Anyway, the A3000's 68030 can muster about 50 flops with the generic version that I assume is targeted for the 68000. (I used GCC, with -O2 optimizations in all cases. And note to use -DAmiga rather than -DUNIX.) The Blizzard is a bit more than ten times faster at a little over half a megaflop. Compiling for 68020 or 68030 didn't make a noticeable difference (and those two versions are the same size, probably identical.)
Things get more interesting with -m68030 -m68881, so 68030 and FPU. Now the A3000 results shot up to over a quarter megaflop! So that's 4 - 5.5 times faster than without the FPU. On the 68060 this version was also dramatically faster, with 3 - 13 megaflops, so 5 - 20 times faster than the no-FPU version.

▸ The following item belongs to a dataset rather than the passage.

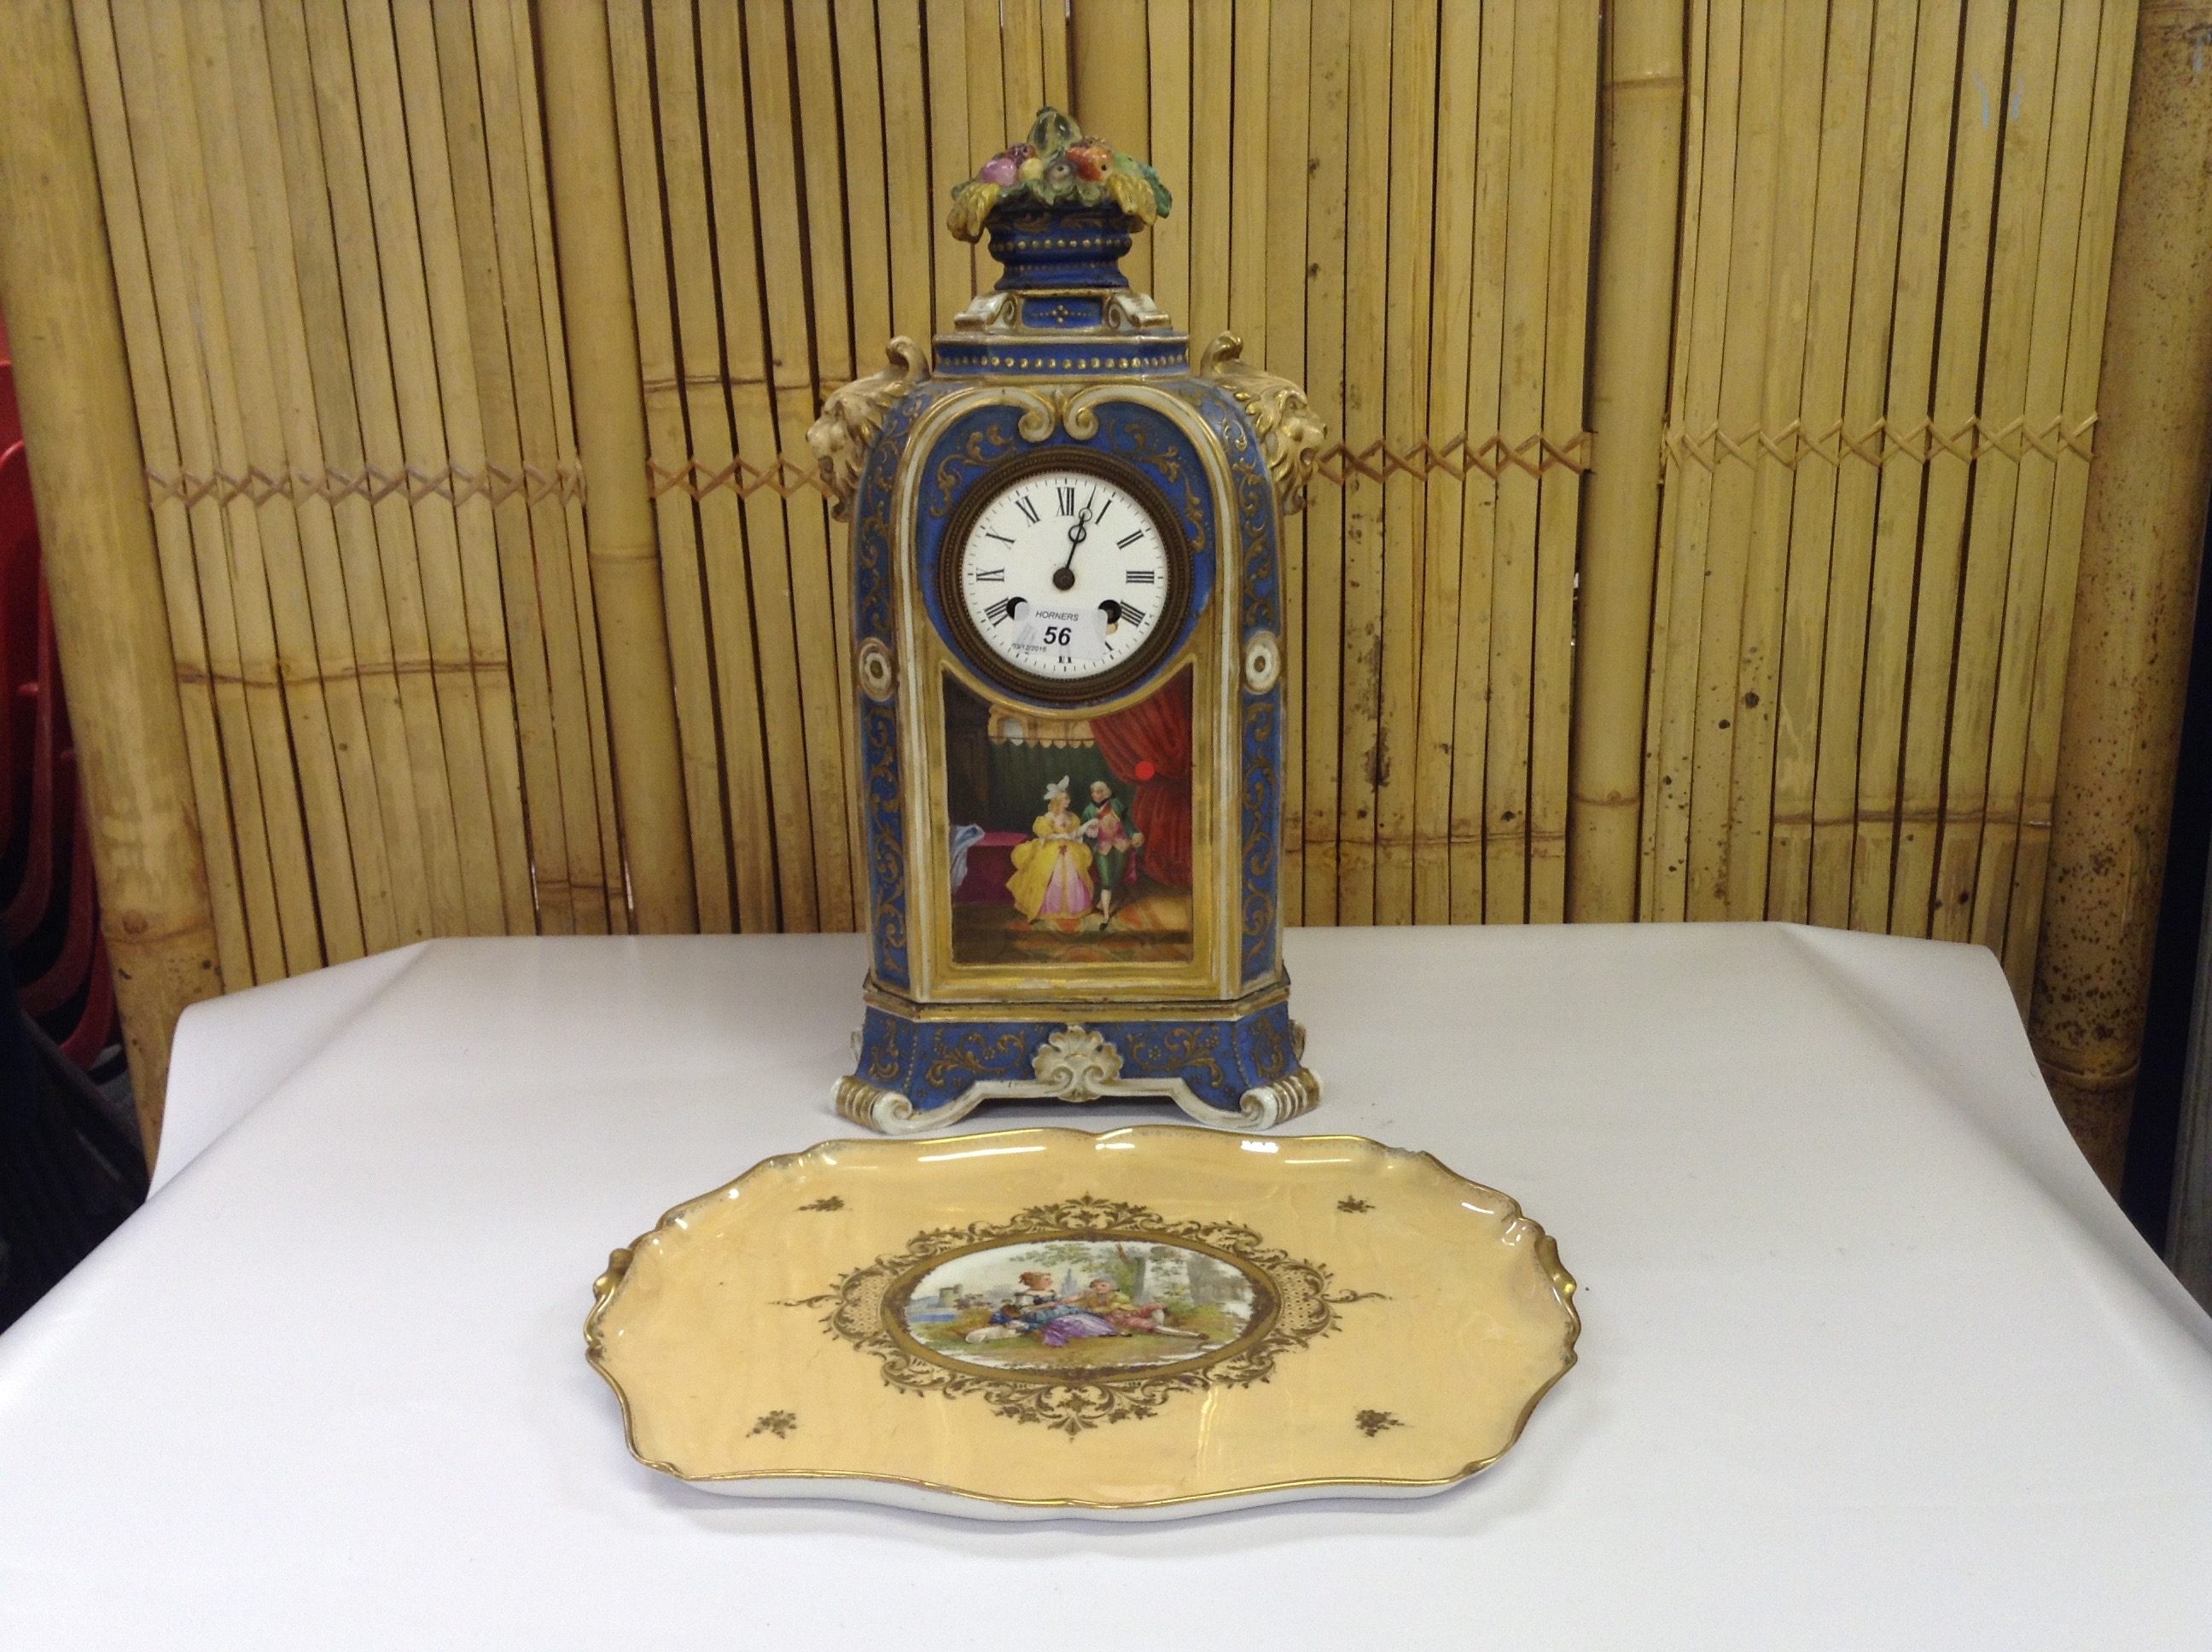 CONTINENTAL CHINA MANTLE CLOCK PAINTED WITH CLASSICAL SCENES ALONG WITH A DRESDEN PORCELAIN TRAY

So then I compiled for 68040 and 68060, which automatically enables the use of FPU code. Although those two executables weren't identical, the results were identical with the 68030+68881 version. I can claim actually identical because the results for the eight tests also show the size of the error in the calculation, and depending on the type of code used, this differs. 68030+68881, 68040 and 68060 all had the same error.
And now what we've all been waiting for: 68060 but no FPU (-m68060 -msoft-float). Those results are identical to the generic 68000 code: a bit over half a megaflop and at least 3 x slower than a 25 MHz 68030 + 68882. (Using the 68030 + 68881 version.)
Still not sure though what kind of software uses a significant amount of floating point math so you're going to see a difference. But unless the 68LC060 emulates the FPU instructions in software, I'm pretty sure the big issue is going to be having 68030 and up versions of programs assuming the presence of an FPU and then not working.